__WHAT YOU WILL DO__.
Transcribe the listing below from its opening line up to and including the line that contains "Mugen parts are"; reproduce nothing else.

=== Section Start ===

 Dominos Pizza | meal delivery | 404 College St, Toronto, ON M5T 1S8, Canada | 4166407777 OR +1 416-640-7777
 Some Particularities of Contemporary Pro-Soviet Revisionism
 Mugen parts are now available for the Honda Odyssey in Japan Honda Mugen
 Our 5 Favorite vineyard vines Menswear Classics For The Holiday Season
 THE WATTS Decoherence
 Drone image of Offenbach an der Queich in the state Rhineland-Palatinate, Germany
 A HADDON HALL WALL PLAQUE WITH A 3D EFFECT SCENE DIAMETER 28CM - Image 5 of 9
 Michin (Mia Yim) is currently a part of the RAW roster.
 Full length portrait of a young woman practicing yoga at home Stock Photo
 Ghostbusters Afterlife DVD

=== Section End ===

__WRITTEN RESPONSE__.
 Dominos Pizza | meal delivery | 404 College St, Toronto, ON M5T 1S8, Canada | 4166407777 OR +1 416-640-7777
 Some Particularities of Contemporary Pro-Soviet Revisionism
 Mugen parts are now available for the Honda Odyssey in Japan Honda Mugen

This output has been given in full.